Change plots to use plotnine #112

patrick-miller · 2017-08-22T21:21:02Z

Here I am replacing all of the plots with the ggplot inspired plotnine package. I think that these look good to me, but let me know what you think.

rdvelazquez · 2017-08-22T22:54:23Z

Nice work. These look really good based on my first look at them. A few quick comments:

Should you also revise the utils.py file to remove the functions that we no longer need?
I really like the revision to the probabilities plots at the end of the notebook (showing the plots for all three models). I think labeling the axis would also be very helpful.

dhimmel

Nice. What do you think about the default plotnine style? In general, I find theme_bw to be more aesthetic. If we want, we can define a style in utils. Always can do this in a future PR. Here are some ggplot2 mods I often use.

dhimmel · 2017-08-23T19:01:04Z

scripts/2.mutation-classifier.py

 import numpy as np
 import pandas as pd
-import seaborn as sns
+from plotnine import *


Let's avoid import * (reasons).

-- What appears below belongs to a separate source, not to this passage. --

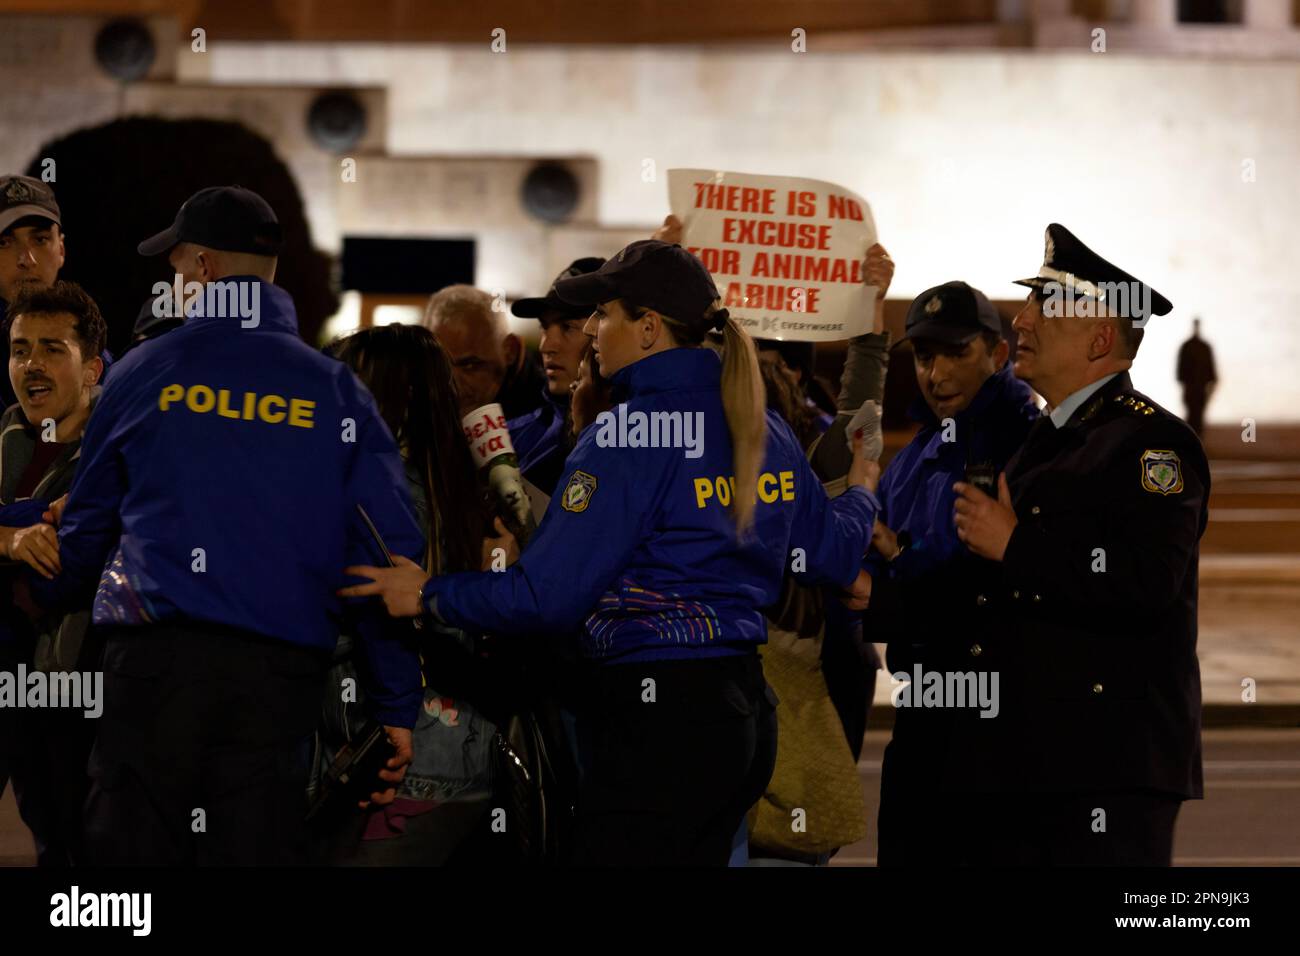 Protesta degli attivisti vegani contro gli abusi sugli animali e il consumo di carne durante i festeggiamenti pasquali, mentre i poliziotti in uniforme blu li spingono indietro. Foto Stock

If you're worried about plotnine taking up lot's of space you could do something like import plotnine as pln or import plotnine as gg.

Agreed, I was just copying from some plotnine examples.

dhimmel · 2017-08-23T19:09:02Z

scripts/2.mutation-classifier.py

+(ggplot(cv_results_df, aes(x='classify__alpha',
+                           y='mean_test_score',
+                           fill='feature_set'))
+ + geom_bar(stat='identity', position='dodge')


I'm not sure a barplot is the best. I'm thinking a scatterplot with model shown via line/dot color or via facet.

You could do a scale_x_log10 so the x-axis is continuous rather than discreet.

Ideally plot would expand_limits for y to include 0.5 and 1. This will have to wait until the next plotnine release: see has2k1/plotnine@192609d. In other words, 0.5-1.0 should be the ylim unless AUROCs are below 0.5 in which case the lower bound should accommodate the lowest AUROC.

I switched to a scatterplot and the log scale -- it initially looked funky to me with the default theme. I used a hack to get 'expand limits'.

dhimmel · 2017-08-23T19:14:34Z

scripts/2.mutation-classifier.py


-Vega(final_spec)
+
+pd.pivot_table(auc_output,


Minor: models as rows and partition as columns makes a little more sense to me.

patrick-miller · 2017-08-24T16:59:38Z

I translated one of my R ggplot themes to plotnine in the utils.py file. We can play around with this and the color scheme for the plots. The ROC plot might be a little busy.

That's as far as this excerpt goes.